Kim Ruyle, president of Inventive Talent Consulting LLC, says, “If you are developing learning programs because HR police are on your back or for compliance reasons, that’s not what learning cultures are about. In a learning culture, you’ll find people learning because they want to.”

In order to instill this type of mindset in your employees, first change your approach.

Set a Standard

Culture is created, reinforced and often destroyed by leaders. Leaders are representatives for the organization and should commit to becoming life-long learners themselves. What they do and say often is reciprocated by employees. Set a standard with top executives and watch everything else fall in line.

Reward “How” as Much as “What”

Make sure you are rewarding what you say you value. How people accomplish something is a valuable component to what they accomplish. Racking up victories, collecting accolades and accumulating trophies makes your resume more impressive. But what conventional wisdom doesn’t suggest is that the how actually might be more important.

Reviewing the processes that aided in an employee’s achievement is a great learning experience; it identifies what worked. Plus, understanding how helps employees grow both personally and professionally. But it’s not just about your employees growing; the organization should, too. Organizations learn from direct experience, but there is much to learn from the experience of others as well. Reflecting on the how is beneficial for both parties.

Create Routines

Fear complacency.
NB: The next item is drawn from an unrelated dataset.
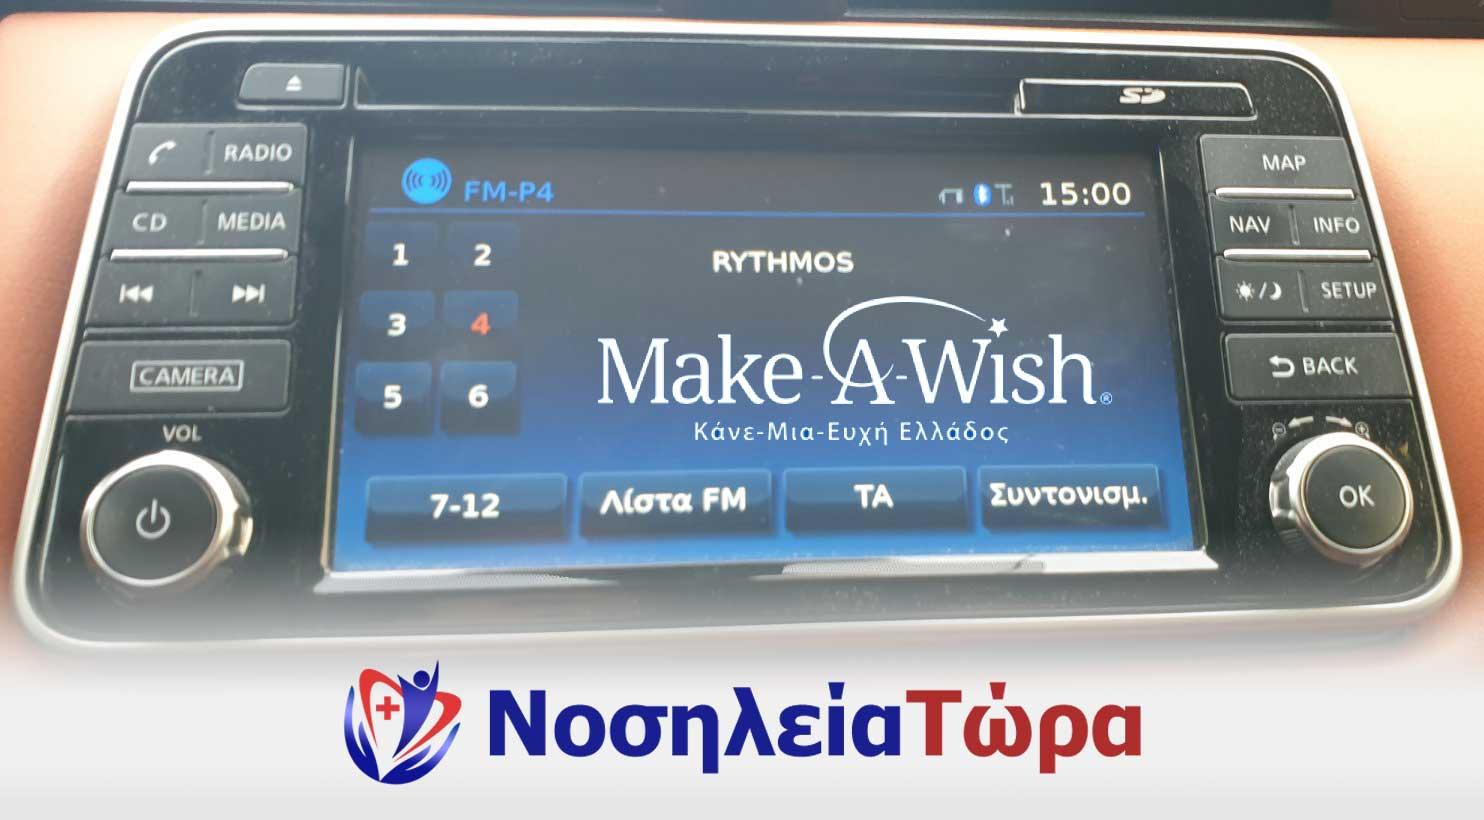 Η Νοσηλεία Τώρα κάνει προσφορά στο Make A Wish
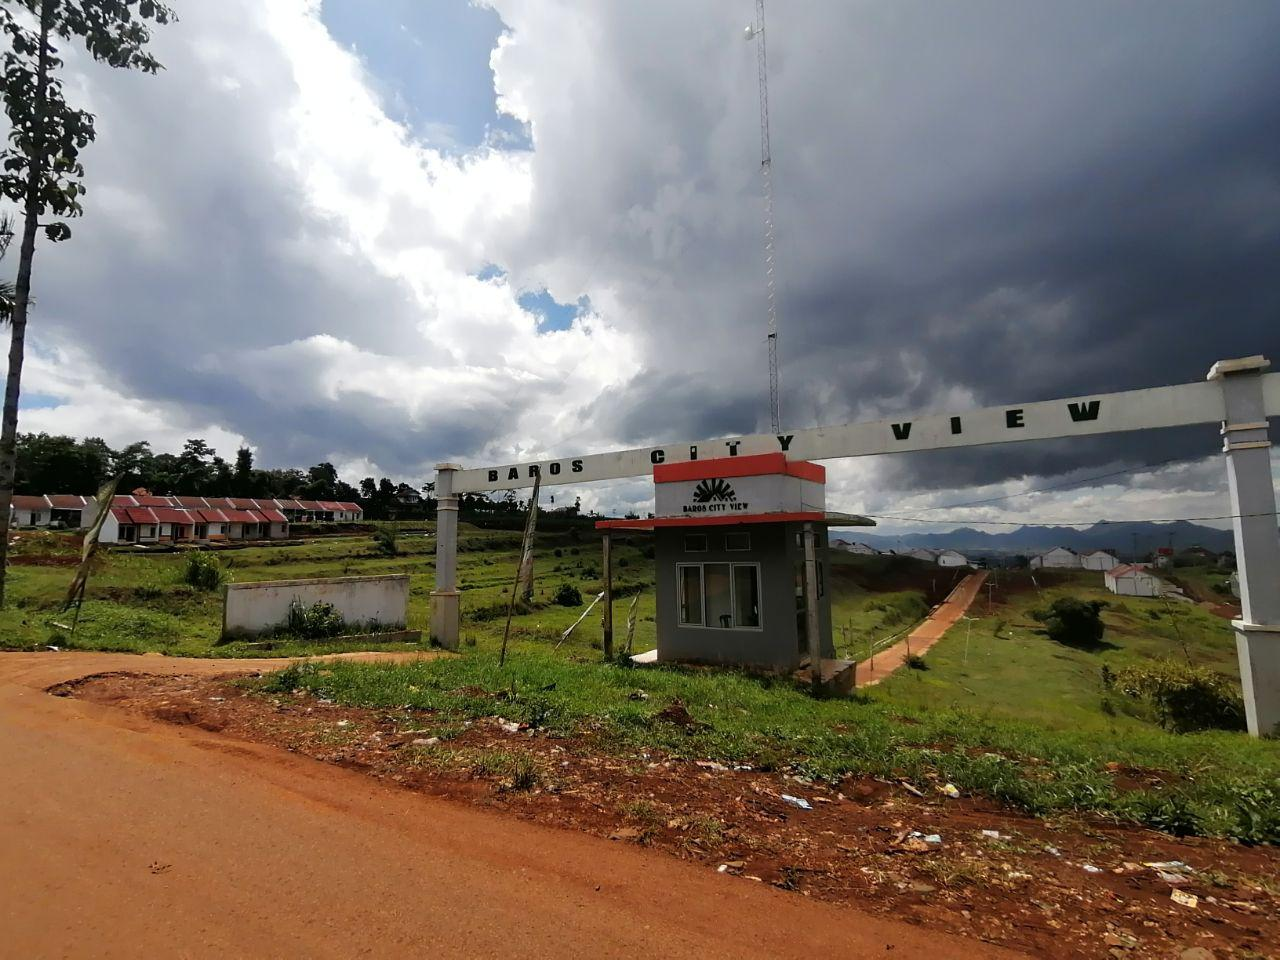 view perumahan baros city view bandung

Engage your workforce and formalize trainings with a digital learning experience in which employees have anytime, anywhere access to a central knowledge base to access content, share expertise and measure their professional development progress. Employees will feel empowered and this type of accessibility will lead to habitual behavior. For instance, if you conduct annual reviews, engage your employees with a course explaining the process dos and don’ts. This method is a stimulus for employees to eventually change their work practices.

Interest in creating learning cultures comes as no surprise, given the rate of change post-recession. Old, mechanical ways of thinking are no longer efficient. Executives find themselves experimenting with their companies’ social structure to foster learning cultures in which members can explore, experiment and extend skill sets. The successful organizations are the ones that have adjusted to a new kind of learning – one that requires setting standards, rewarding the “how” and creating routines. With these three steps, you, too, can ace a learning culture.